New AI for Africa Report proposes tailor-made AI solutions for Africa

New AI for Africa

A new white paper, AI and the Future of Work in Africa, offers a comprehensive look at the potential impact of AI on the African continent. The report, a collaborative effort by various organisations and led by Microsoft Research and the University of Pretoria, highlights both the opportunities and challenges that AI presents for Africa’s workforce and economy. A key focal point is the potential for AI to revolutionise various sectors, such as agriculture, healthcare, and finance.

There is an emphasis on the importance of developing AI solutions that are specifically tailored to African context and takes the continent’s unique linguistic and cultural diversity into account.

This is expressed in a general conclusion that “AI applications must be developed with African realities in mind”.

The white paper also dives into the potential impact of AI on jobs and skills in Africa, with researchers pointing out that while AI could create new job opportunities, it may also disrupt existing ones.

There emerged a need for a nuanced examination of this issue, considering factors like gender, education, and location.

This goes in partnership with the need for upskilling and reskilling initiatives to prepare the African workforce for the subsequent shift in the job landscape.

“We see a significant role for generative AI to not only transform work environments, but also foster opportunities for the youth to create jobs, innovate and help drive economic growth and stability across the continent,” says Ravi Bhat, chief technology and solutions officer at Microsoft Africa.

High potential

While technology companies like Microsoft’s partner OpenAI have stoked enthusiasm about the potential of AI, they have done little to are ease concerns about job losses and the need for affordable access to technology in developing economies.

The report stresses the importance of involving workers in the development and implementation of AI solutions to ensure that their needs and concerns are addressed.

According to the whitepaper, many expect generative AI to drastically change knowledge worker jobs, especially in terms of the type of work done, the skills required, and the outputs produced.

McKinsey research shows that generative AI could enable labour productivity growth of up to 0.6% annually through 2040, depending on the rate of technology adoption and the redeployment of worker time into other activities.

To get ahead of this acceleration, the report proposes a series of recommendations for policymakers, businesses, and individuals to smooth the transition to an AI dominated workplace that includes investing in infrastructure and education, developing inclusive AI policies, focusing on human-centred design, and prioritising African-centric solutions.

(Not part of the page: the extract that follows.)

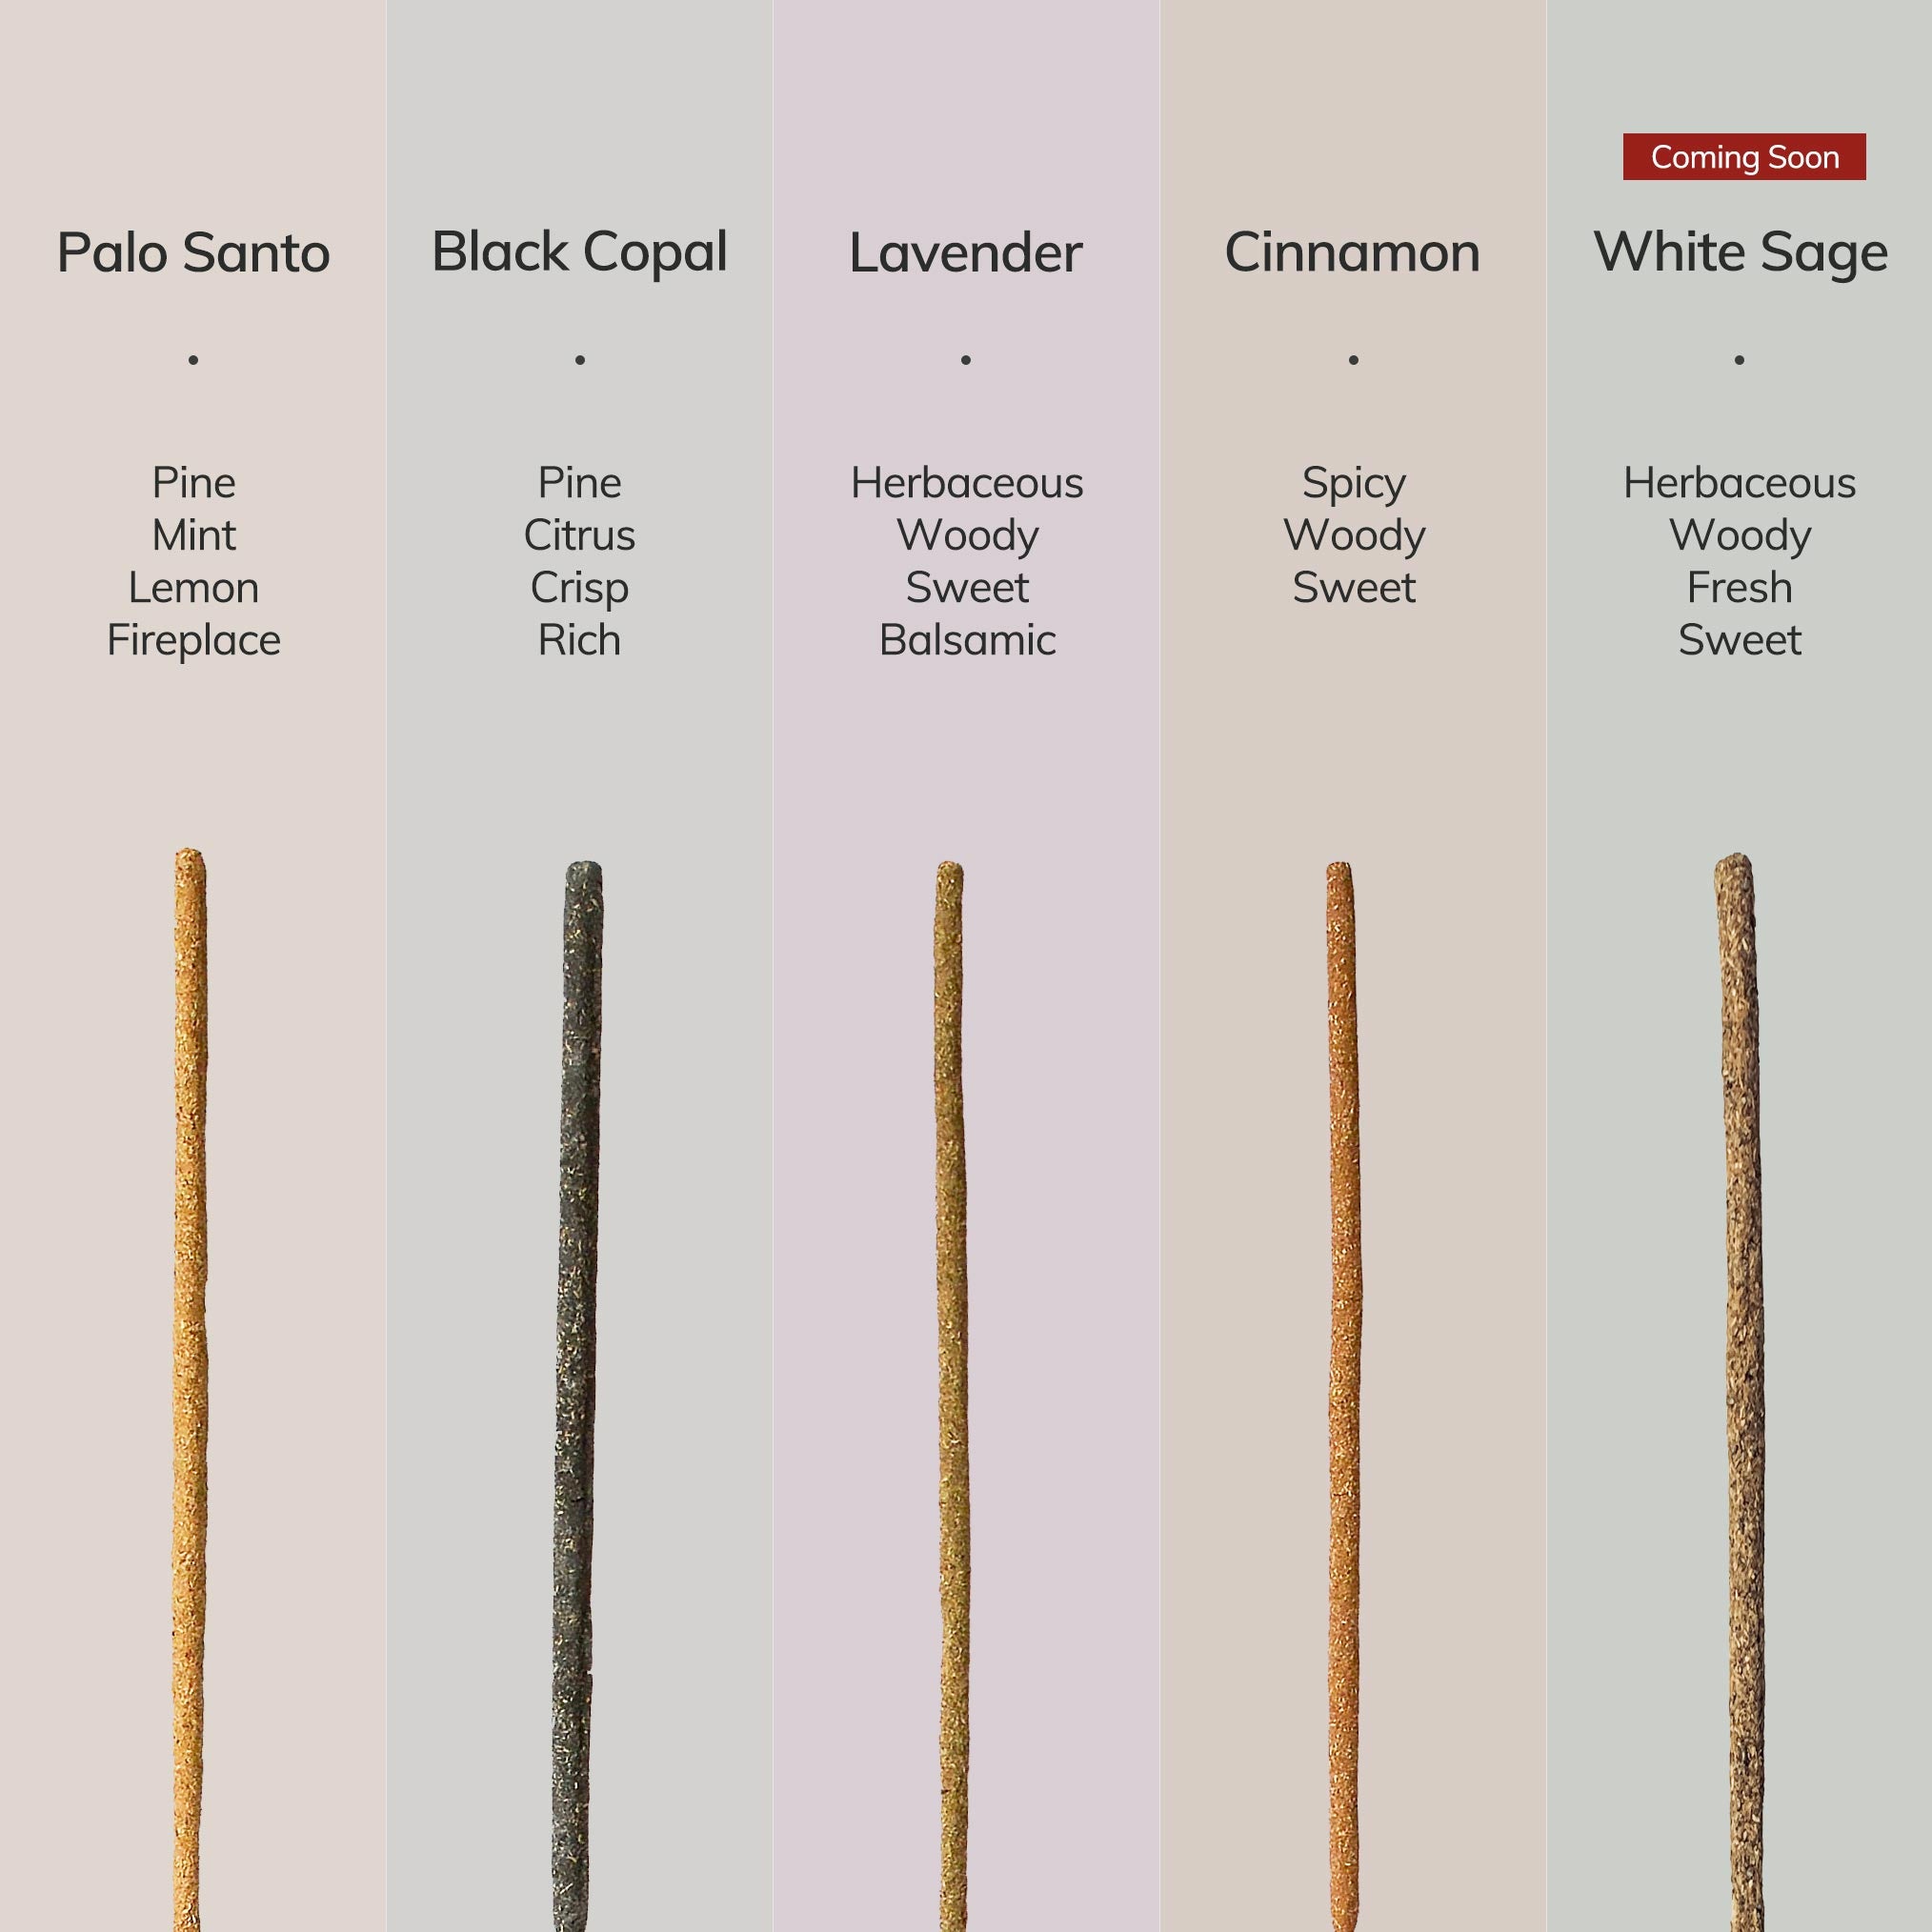 5 types of incense sticks and the scent: Palo Santo, Black Copal, Lavender, Cinnamon, White Sage.

By taking a proactive and collaborative approach, Africa can harness the power of AI to drive economic growth, empower its workforce, and create a more equitable and prosperous future for all.

The cost of AI

In a follow-up discussion with Bizcoommunity the authors shed light on the challenges and opportunities associated with building African large language models (LLMs).

Vukosi Marivate, Associate Professor of Computer Science at the University of Pretoria, acknowledged the high cost of compute as a significant barrier to entry.

“On the question on the cost barrier to compute, it is a lot,” he said. Marivate has personal experience with this problem in his capacity as a team member at Lelapa AI.

“At Lelapa, we’re looking at both sides – so, building models that are much easier to deploy that are smaller, but then also, at the same time, Lelapa is building African language LLMs as well.”

However, he also highlighted the efforts of organisations like Microsoft to incentivise development in this area through partnerships, grants, and investments in sustainable data centres and lower-cost computing solutions.

“We are very conscious of the requirement for Africa-centric AI to be built here by Africans on the continent for African needs, and that requires compute,” said Jacki O’Neill, Director at Microsoft Research Africa.

The AI revolution in Africa is no longer just a possibility; it is already underway, and by its participation in this research, Microsoft, generative AI’s biggest investor, is signalling that it is open to working alongside individuals, governments, partners and stakeholders across the continent to prepare for a future where AI is intricately woven into the fabric of work and society in Africa.

“Technology alone cannot solve the challenges that our youthful continent faces,” concludes Bhat.

“We need to create policies and practices to ensure that GenAI, and AI in general, is deployed responsibly with AI-related labour being valued and dignified. It requires the macro-economic, labour, and regulatory markets to adapt and be capable of supporting positive change.”